#### Goal of the exercise
When you reach the line with "Samsung Galaxy Tab A (2019) 32GB SM-T515 LTE" in the records below, begin transcribing exactly and continue up to and including the line with "quadro epoca fine", leaving out every picture.

#### Records shown
*** Block opens ***

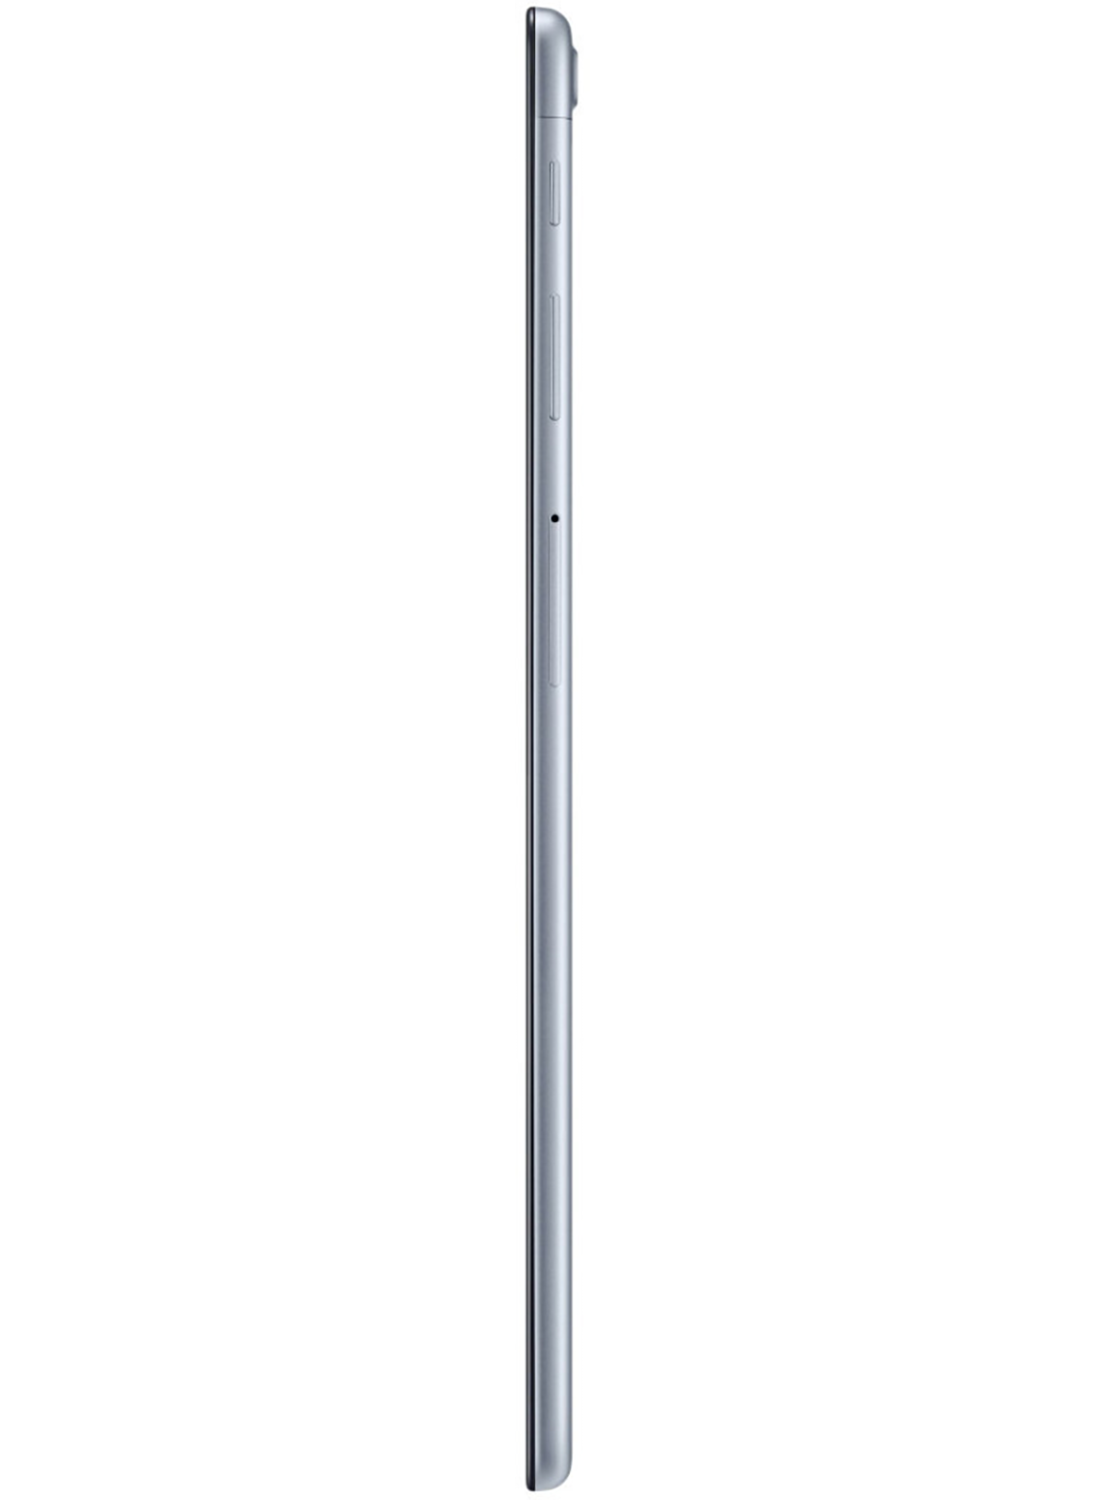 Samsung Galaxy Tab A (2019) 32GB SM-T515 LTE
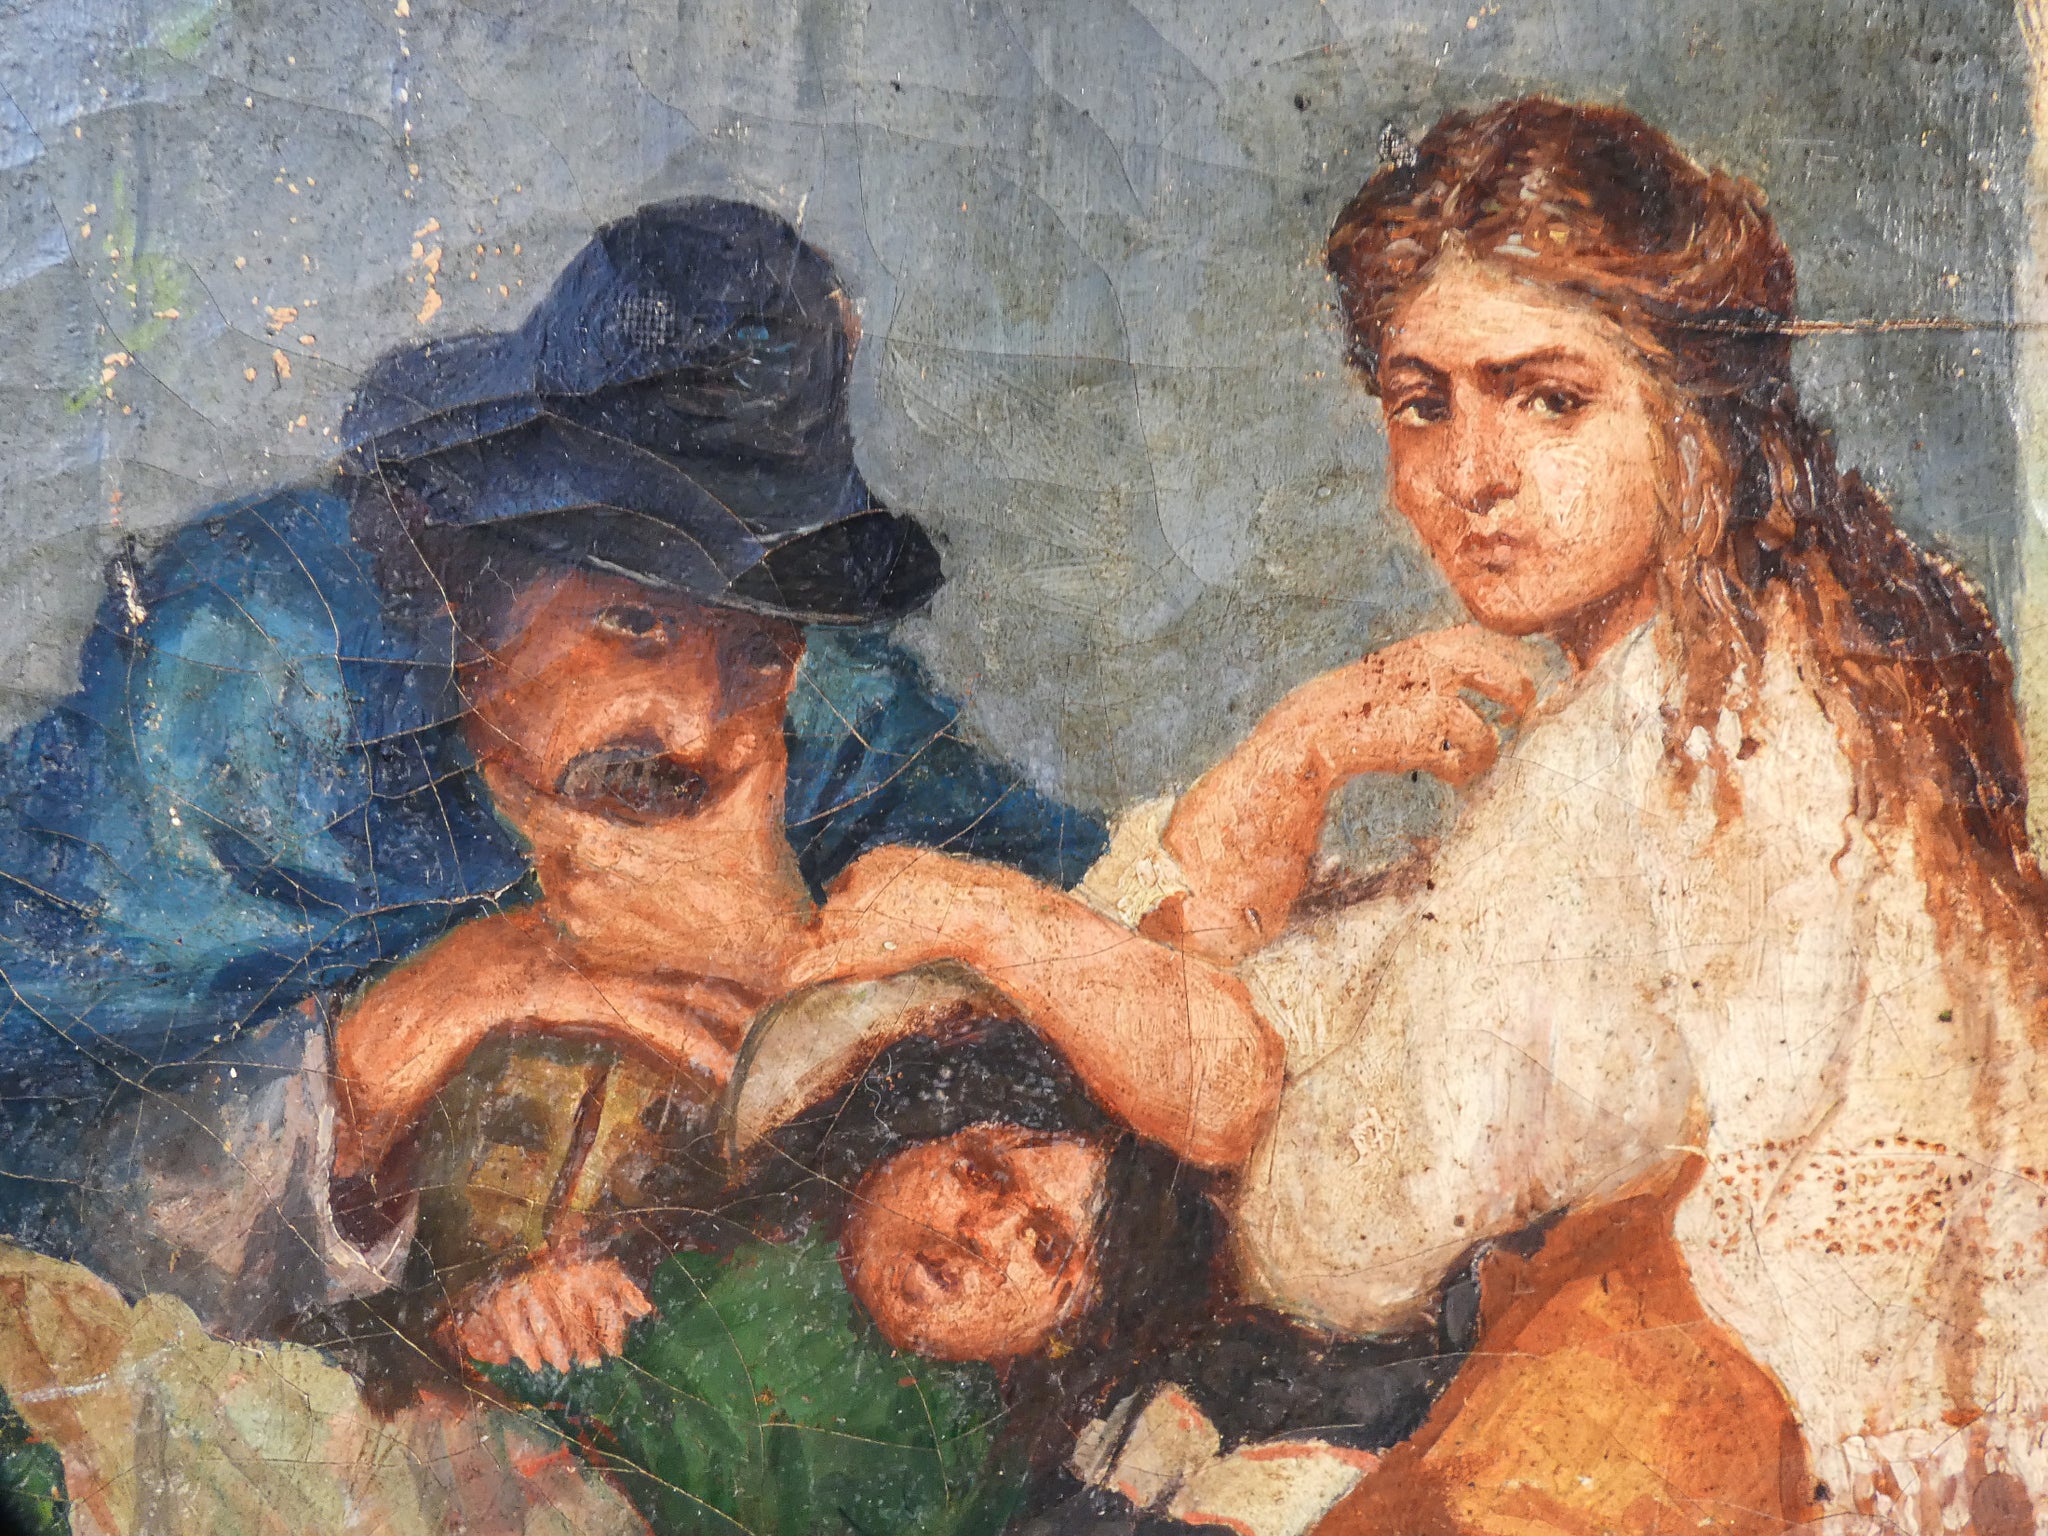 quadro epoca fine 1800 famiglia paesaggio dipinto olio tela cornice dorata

*** Block closes ***
*** Block opens ***

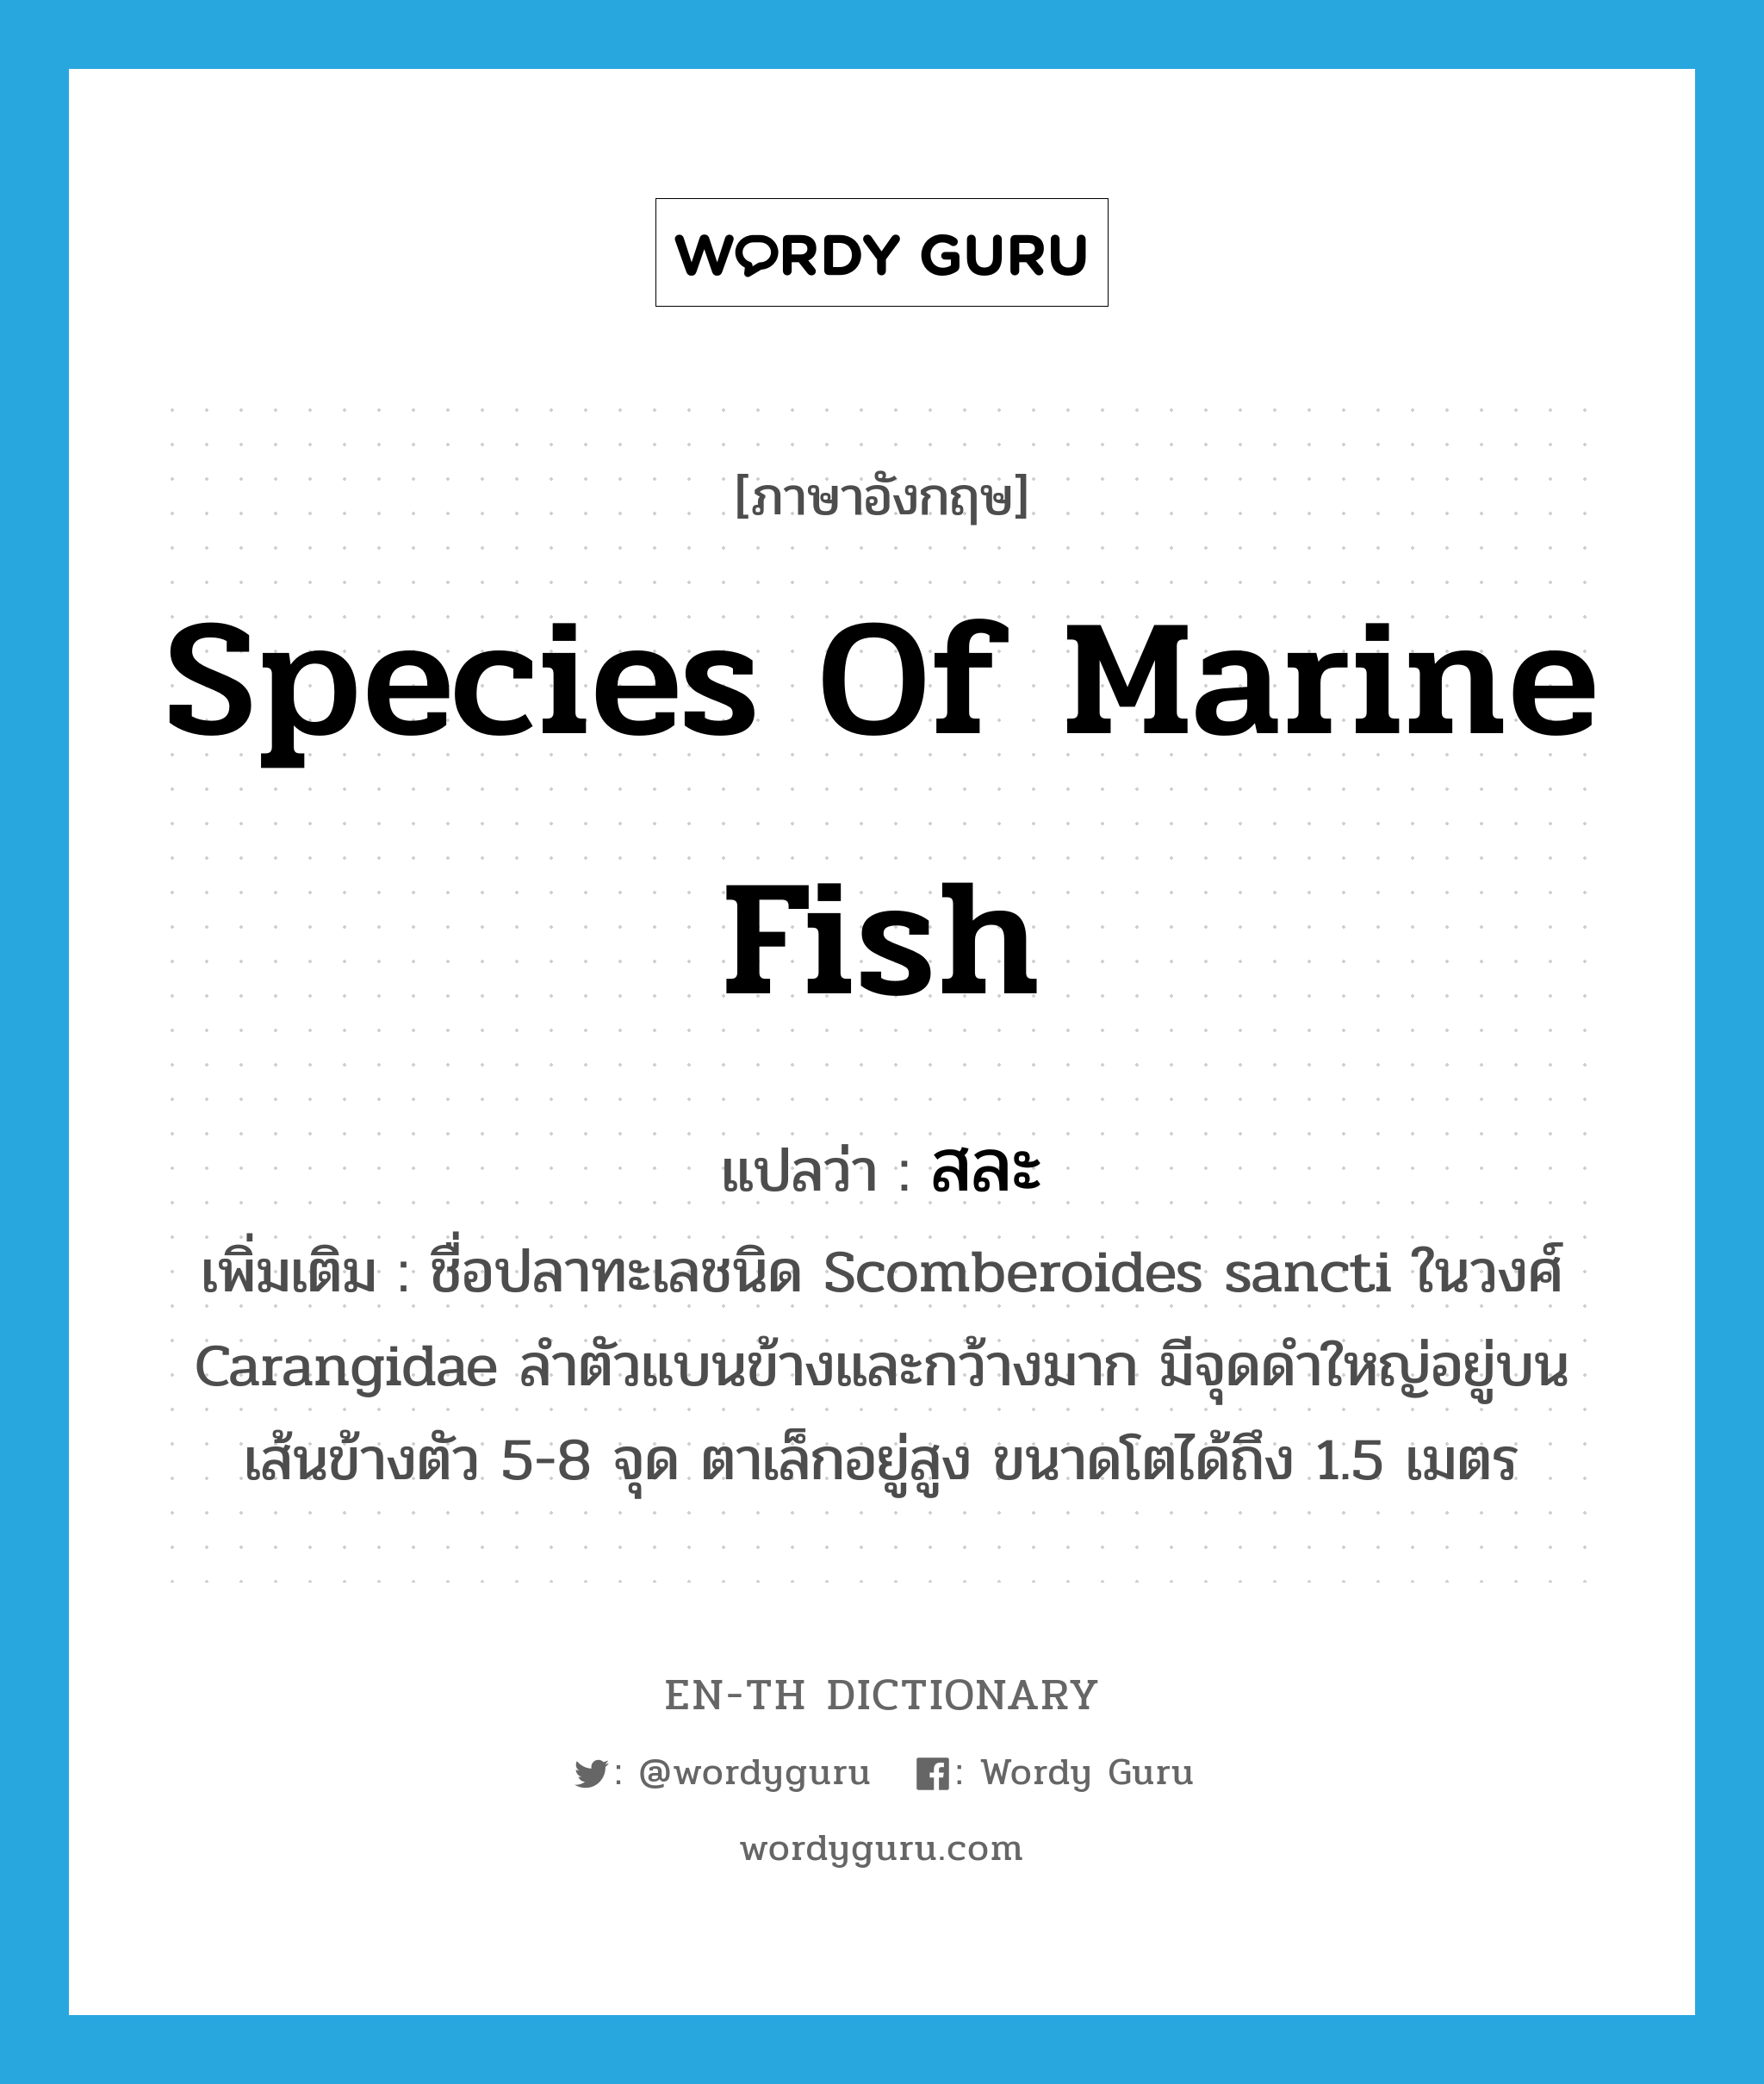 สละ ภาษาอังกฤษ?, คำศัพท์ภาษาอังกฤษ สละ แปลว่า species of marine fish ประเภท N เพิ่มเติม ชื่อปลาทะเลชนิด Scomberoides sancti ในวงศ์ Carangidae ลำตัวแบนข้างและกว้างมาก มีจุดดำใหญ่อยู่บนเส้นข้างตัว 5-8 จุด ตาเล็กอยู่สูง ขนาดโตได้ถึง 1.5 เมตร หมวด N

*** Block closes ***

#### Solution
 Samsung Galaxy Tab A (2019) 32GB SM-T515 LTE
 quadro epoca fine 1800 famiglia paesaggio dipinto olio tela cornice dorata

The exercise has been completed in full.